How are user licences applied?
This is one of the most popular questions we get asked and as you’d expect different systems may deal with this in different ways, so there’s not a one size fits all answer.
If your licences are allocated on a user basis, in other words a licence is linked directly to a person, then it really does depend on what you want and the value that the user places on the system.
Let me give you an example: ABC Co buy 1,000 licences to service the needs of their Microsoft Office users and one of those licences is allocated to John. When the system was first installed there was massive traction with many of the people eager to find out what the new system was all about. However, as time has gone by John, having gone through most of the courses hasn’t used the system for a while.
Now the issue here is how do you know that tomorrow, (let’s say this is over a weekend) John could be working at home on a big PowerPoint presentation that has links to important Spreadsheets. It just so happens that he’s come up with a problem with both PowerPoint and Excel and cannot resolve it easily. With access to the Portal and content he can dip in to find and get the answers he needs, fix the problem and be full of confidence for his meeting on Monday morning.

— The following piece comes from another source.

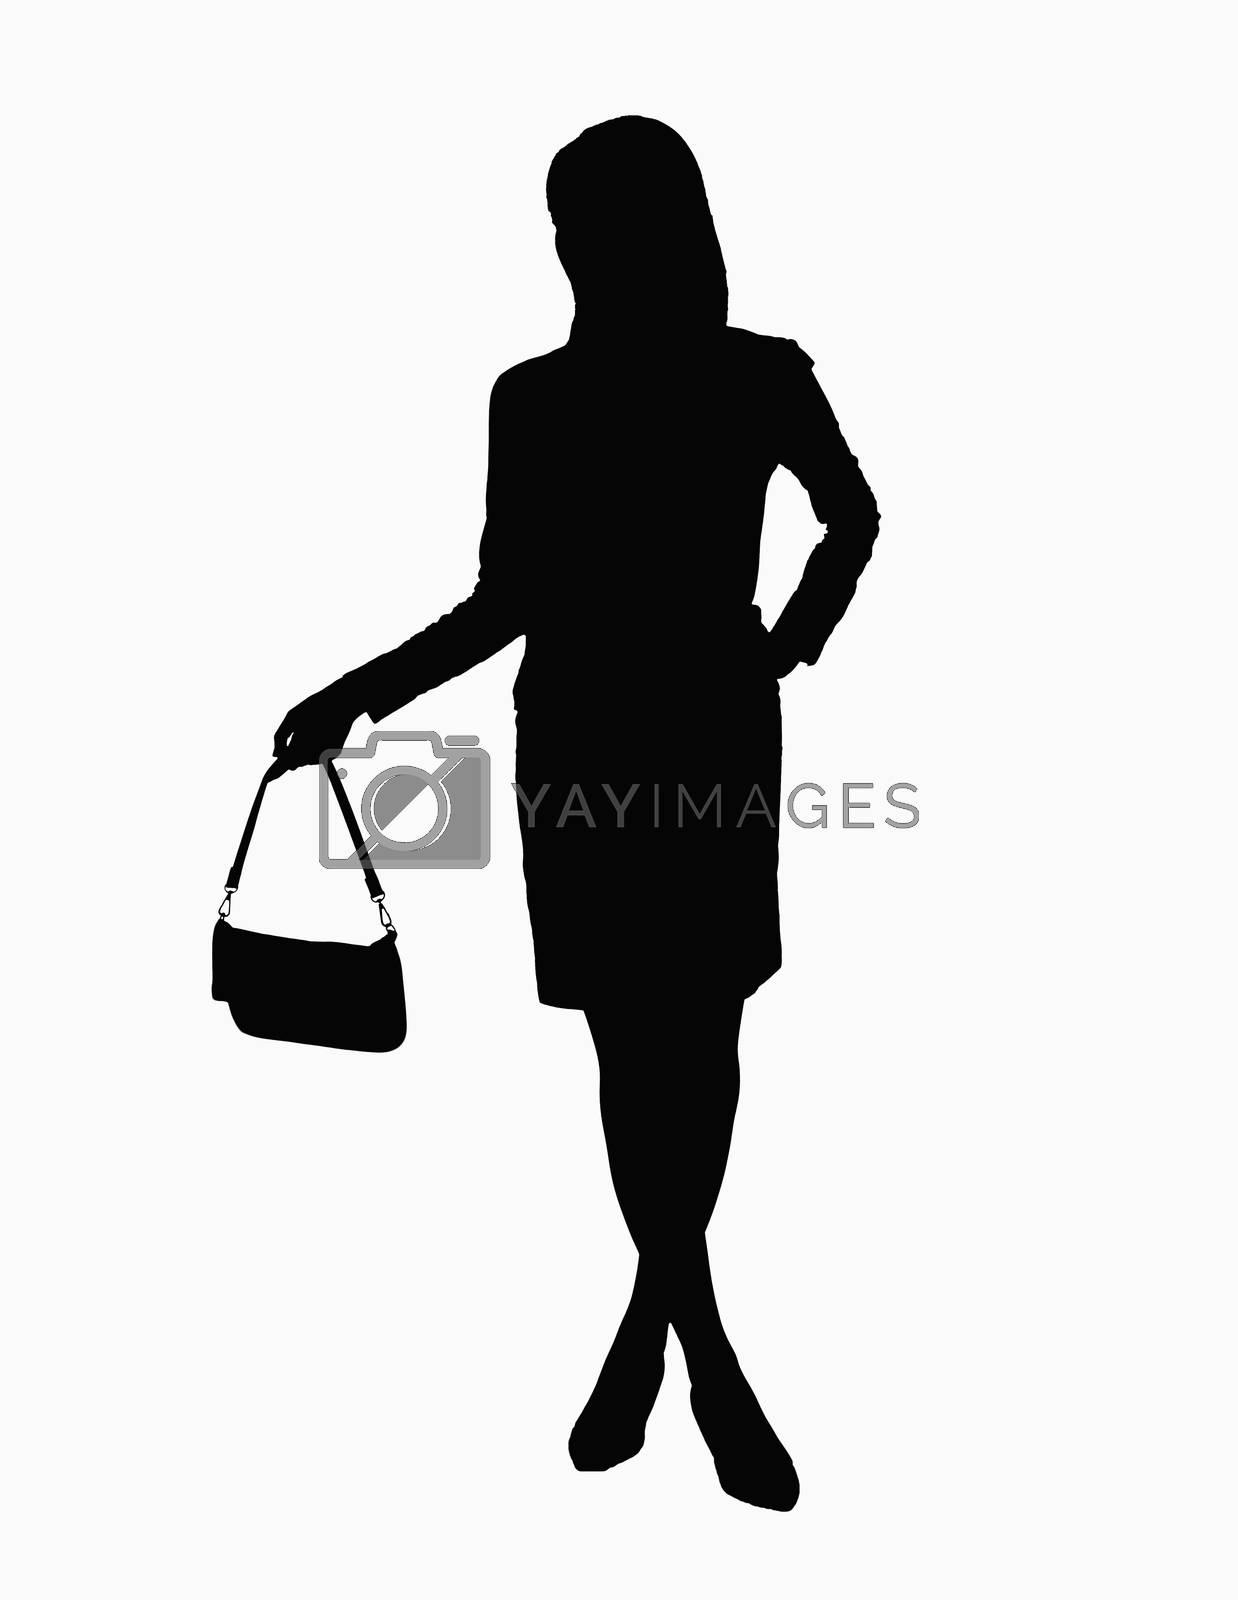 Silhouette of businesswoman holding handbag. by XiXinXing

But, if you’d made the decision to remove John because he hasn’t used the system for a while then the result may very well have been different. The question that has to be answered is just how much does it cost you to keep that licence allocated to John against the possible cost of John running into a problem later in the year.
Ultimately, the choice is yours, however we would suggest that in most instances the cost per user is so small that it would be preferable to keep that licence allocated to him.
That said, if John doesn’t want it any more or it’s imperative that you free up that licence for another person then the answer is simple – you just remove him as a leaver as you can always reallocate another licence to him in the future.